Abstract

More than 16 million Americans living with cognitive impairment warrant a diagnostic evaluation to determine the cause of this disorder. The recent availability of disease-modifying therapies for Alzheimer's disease (AD) is expected to significantly drive demand for such diagnostic testing. Accurate, accessible, and affordable methods are needed. Blood biomarkers (BBMs) offer advantages over usual care amyloid positron emission tomography (PET) and cerebrospinal fluid (CSF) biomarkers in these regards. This study used a budget impact model to assess the economic utility of the PrecivityAD® blood test, a clinically validated BBM test for the evaluation of brain amyloid, a pathological hallmark of AD. The model compared 2 scenarios: (1) baseline testing involving usual care practice, and (2) early use of a BBM test before usual care CSF and PET biomarker use.

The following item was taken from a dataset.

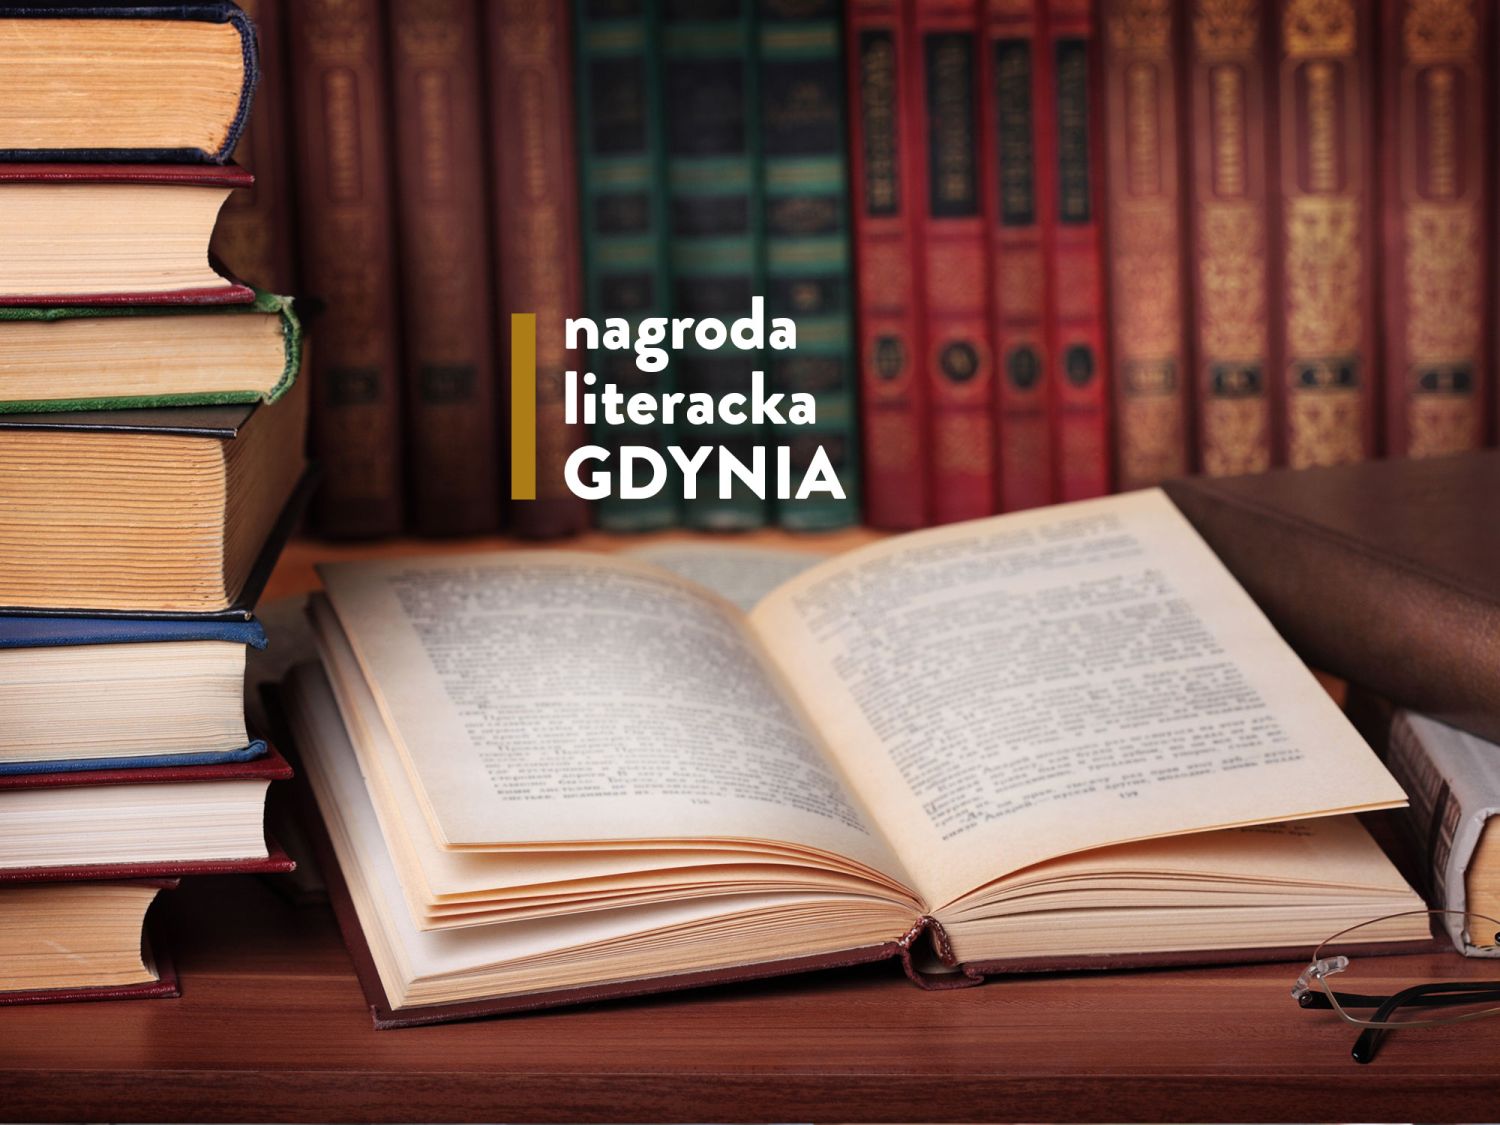 Nagroda Literacka Gdynia – kto może się ubiegać o jej otrzymanie i w jakich kategoriach jest przyznawana?

At a modest 40% adoption rate, the BBM test scenario had comparable sensitivity and specificity to the usual care scenario and showed net savings in the diagnostic work-up of $3.57 million or $0.30 per member per month in a 1 million member population, translating to over $1B when extrapolated to the US population as a whole and representing a 11.4% cost reduction. Savings were driven by reductions in the frequency and need for CSF and PET testing. Additionally, BBM testing was associated with a cost savings of $643 per AD case identified. Use of the PrecivityAD blood test in the clinical care pathway may prevent unnecessary testing, provide cost savings, and reduce the burden on both patients and health plans.